Closed casey closed 2 years ago
Not a lot of thought. My thinking was that a 2x improvement in commit latency for small transactions was better than the ~20% improvement in write throughput. It's so workload dependent that neither is obviously better.
I'm working on a benchmark for ord
, I'll definitely compare the two when I do.
Lemme know what your benchmark shows. I ran my own configured to be similar to the ord write pattern, and I think Checksum
is a better default. It's faster for single writes, and everything else looks like it's within noise. Plus the checksums make it possible to check the database for corruption.
Checksum:
redb: Bulk loaded 16000000 items in 383660ms
redb: Wrote 100 individual items in 617ms
redb: Wrote 100 x 1000 items in 11782ms
redb: Random read 16000000 items in 1123403ms
redb: Random range read 16000000 starts in 1095588ms
redb: Removed 8000000 items in 1681512ms
2PC:
redb: Bulk loaded 16000000 items in 368507ms
redb: Wrote 100 individual items in 974ms
redb: Wrote 100 x 1000 items in 12451ms
redb: Random read 16000000 items in 1166113ms
redb: Random range read 16000000 starts in 1149516ms
redb: Removed 8000000 items in 1722359ms
I haven't done a proper benchmark, but the ord
tests run a bit faster with WriteStrategy::Checksum
, so I'm switching to that. I'm not sure about how it will affect indexing performance though. In particular, I'm worried that the checksum strategy is faster for tests, because writes are very small, but might be slower when we sync large blocks, and we are reading and writing huge amounts of ordinal ranges. Do you have a feeling about at what size writes TwoPhase
starts to outperform Checksum
?
A few MB probably. I think my benchmark used 1.2kB values, and even with 1000 inserts per transaction checksum is faster.

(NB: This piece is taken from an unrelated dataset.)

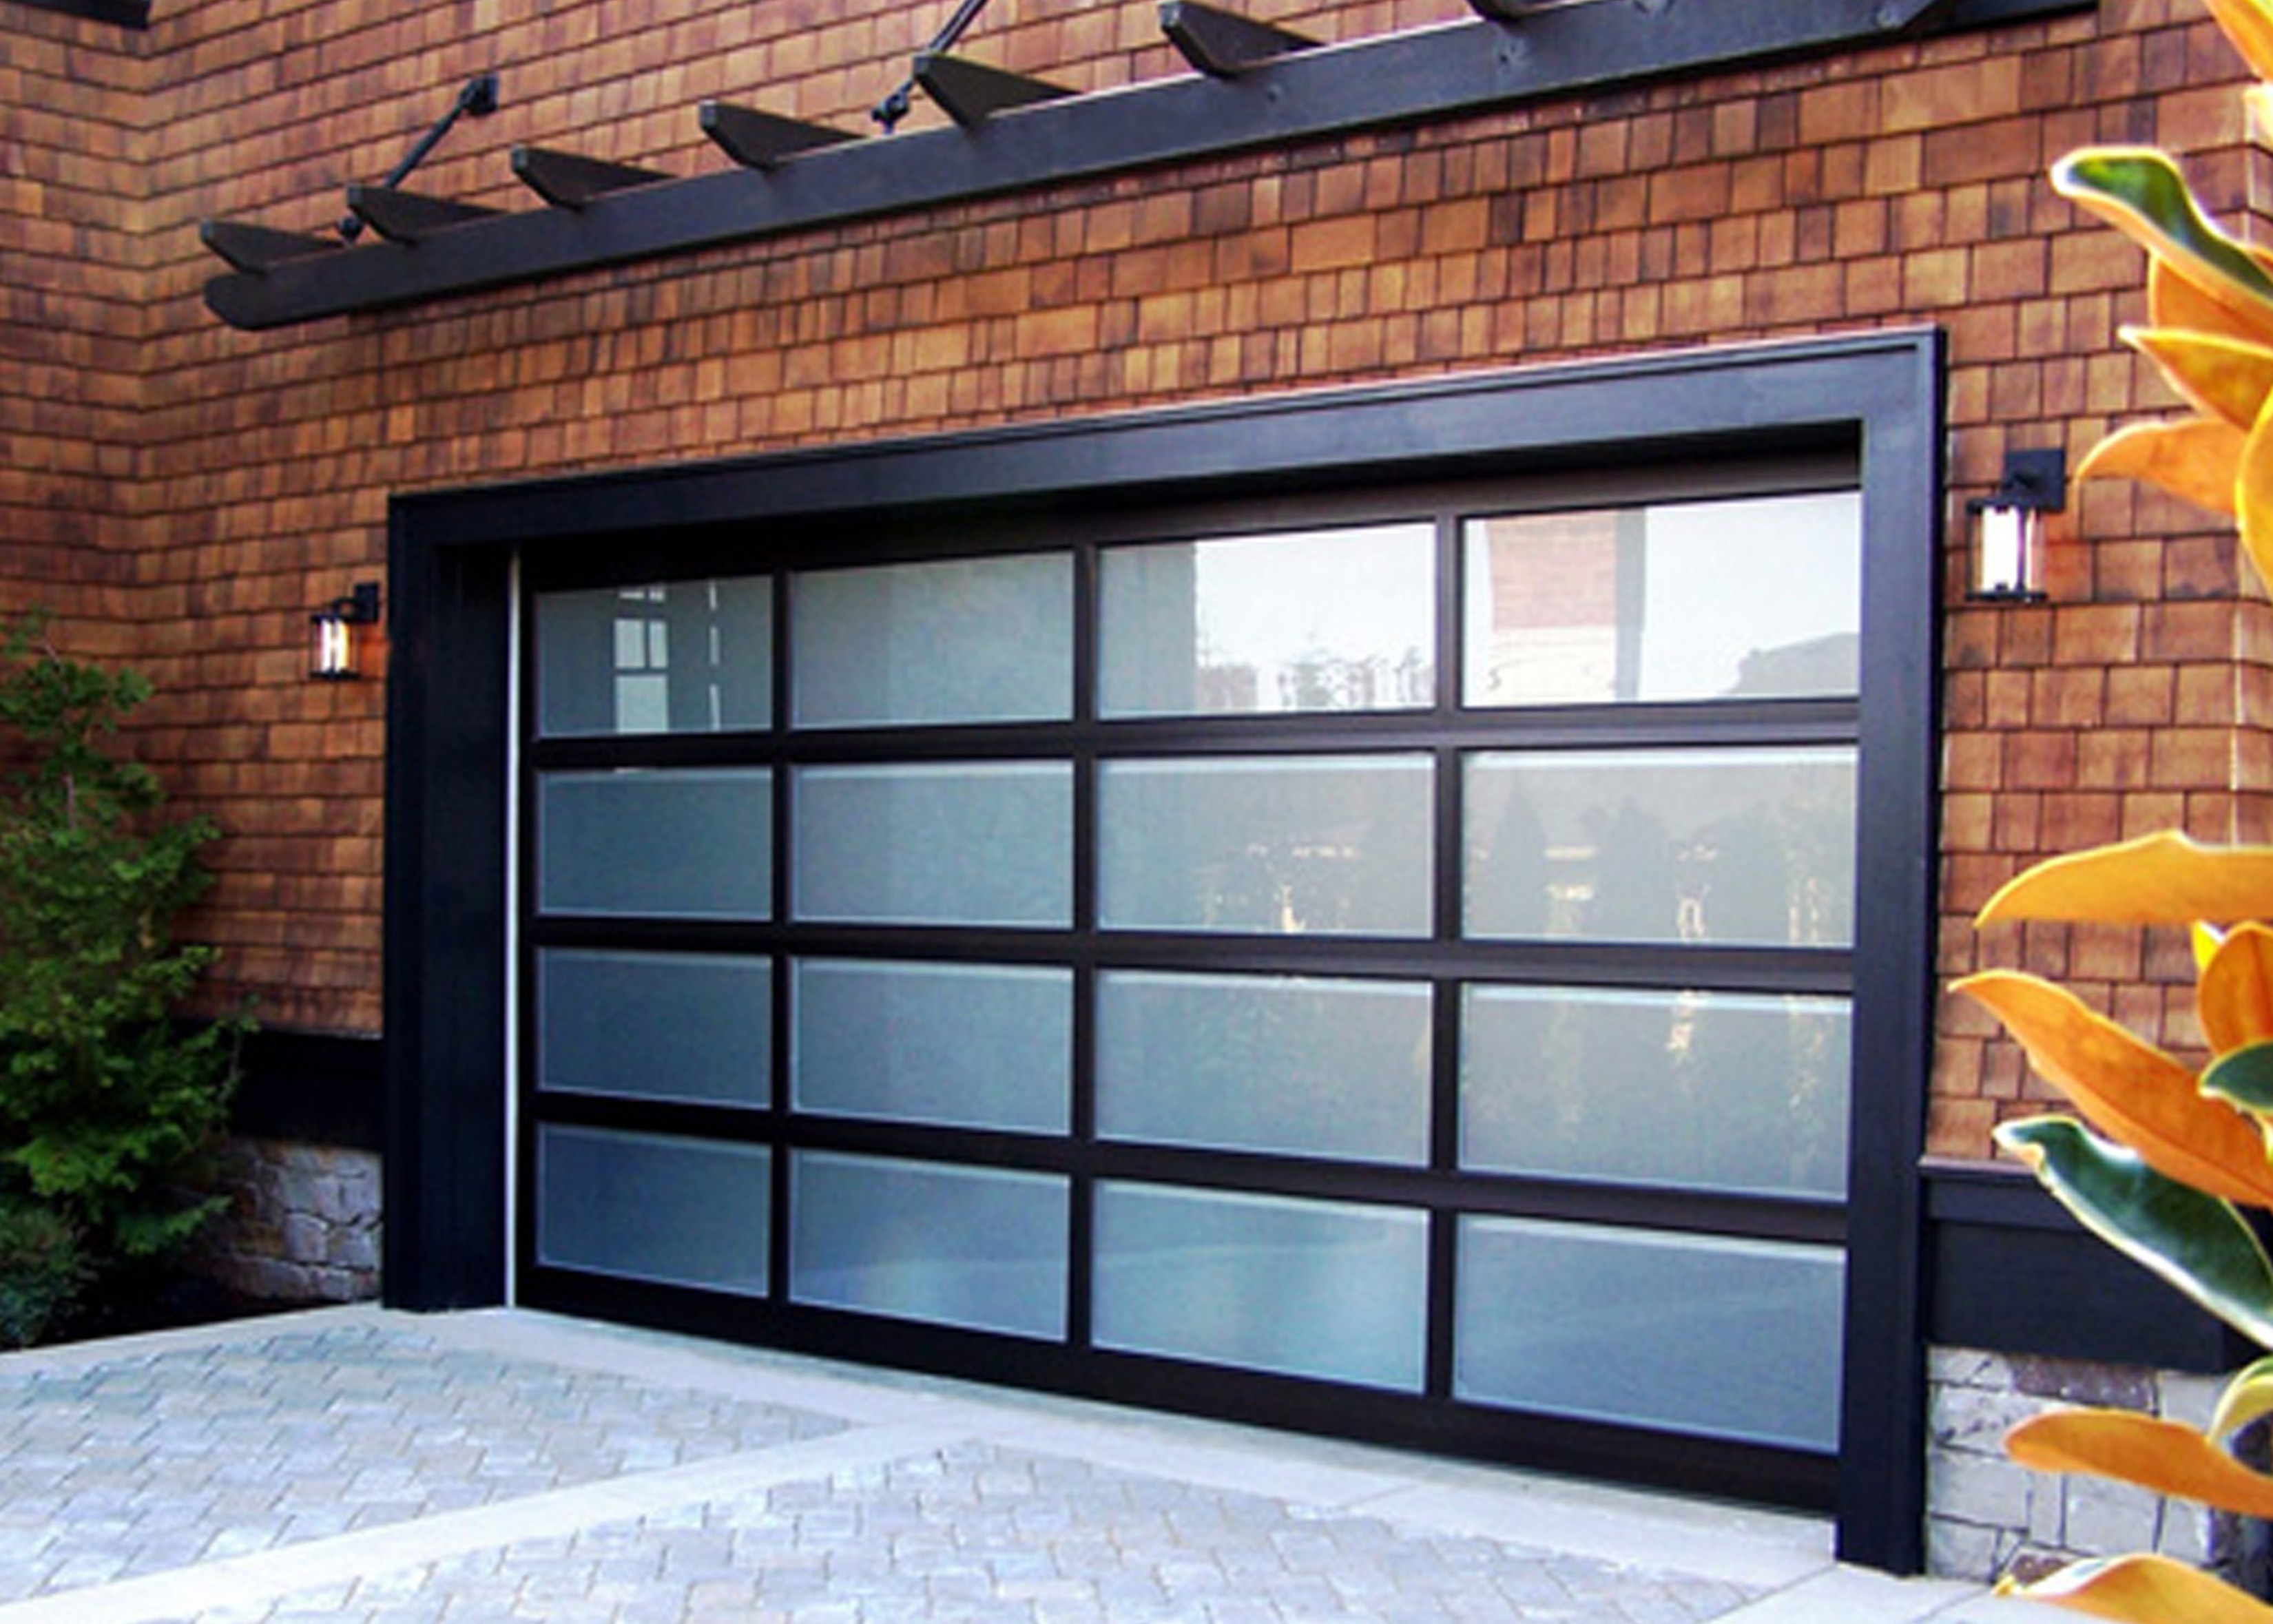 Knowing It All About Garage Doors

Interesting, that's good to keep in mind. I think once we hit steady-state, WriteStrategy::TwoPhase
will wind up being faster, so maybe I'll only enable WriteStrategy::Checksum
for tests.
Have you given thought to what the default write strategy should be? I lean towards
WriteStrategy::Throughput
, since it doesn't have the caveat about a malicious workload, and people are likely not to read the docs.